What's the Problem Here?

Maybe you can pinpoint it because I can’t seem to.

I posted a thread a while back about having trouble with my social life in college and people saying that it would take some time to adjust. I have been at college almost a month and thought I was doing pretty well all this week until today.

All last week I had plans with people almost everyday and I still ate my meals alone in the cafe frequently, but I was okay with that because I was getting out and socializing with others that I had met. Even just yesterday I went over to dinner at someone’s house where I meet up with five or so other girls and we talked and played games until midnight.

This morning I went to church alone, but I talked to some friends while I was there. Then throughout the day I have only studied, but for dinner I found someone that I had met earlier during an overnight summer registration and I talked for a good thirty minutes with her and her suitemates.

But then I came back to my dorm thinking I would feel better that I had dome some socializing after not talking to anyone for the majority of the day, but I don’t feel refreshed at all.

I thought that I was having trouble because I wasn’t good at socializing and I am very shy, introverted, and even socially anxious. Upon reevaluating everything I think its that even though I have had conversations with probably fifty people, none of them have really became my friends. Its been a month and I still don’t have a “person” to go grab snacks at the store with or buy clothes with me and it just makes me miss my family more than I already did.

So, how should I go about making a more solid group of friends? Do you think the issue is that I really want better friends or that I just miss my family… Honestly I can’t seem to tell.

Well… First of all I would like to congratulate you on the progress that you seem to be making. It has only been a month and you seem to be gradually coming along- that’s wonderful! Remember that it takes time to make good friends. At this point in time my D was still miserable and not talking to anybody- thankfully she was a different person by mid October.

Making a more solid group of friends will gradually happen over time, as you get more and more involved. Have you thought about counseling?

There is no problem. You just need to give things time. It takes a while to build a group of solid friends. Longer than one month. Read this: http://talk.collegeconfidential.com/college-life/2016222-to-those-who-feel-lonely-homesick-friendless-think-they-chose-the-wrong-school-etc.html#latest

On CC the advice is often to join 20 clubs and keep your dorm door open and study in public places like the library or lounge. Some people aren’t that social. In high school they didn’t go out every night, didn’t eat every meal with another person, liked having a little down time.

You are fine.

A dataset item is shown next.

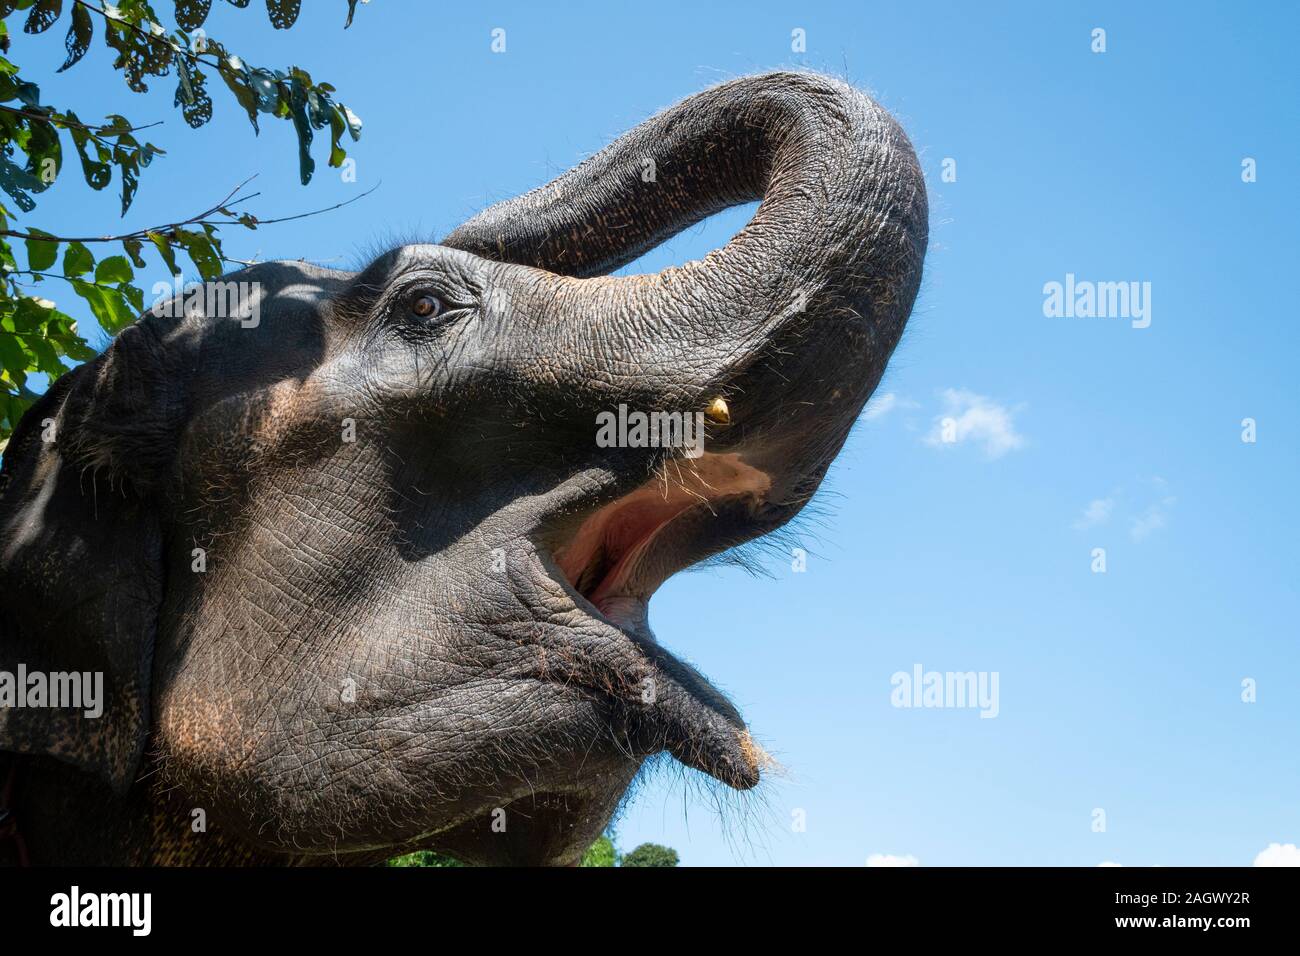 Elephants head with trunk raised, near Chiang Mai, Thailand Stock Photo

If you see the same group at church next week, maybe you’ll sit with them, have coffee after. Maybe you’ll invite one of them to go shopping if that’s what you need/want to do. And then maybe the next week that person will ask you.

Friends are like love, when you least expect it will appear. I think in general you go very well, patience.

I agree with other posts. It sounds like you are doing very well. It will however take time to make friends (usually more than a month).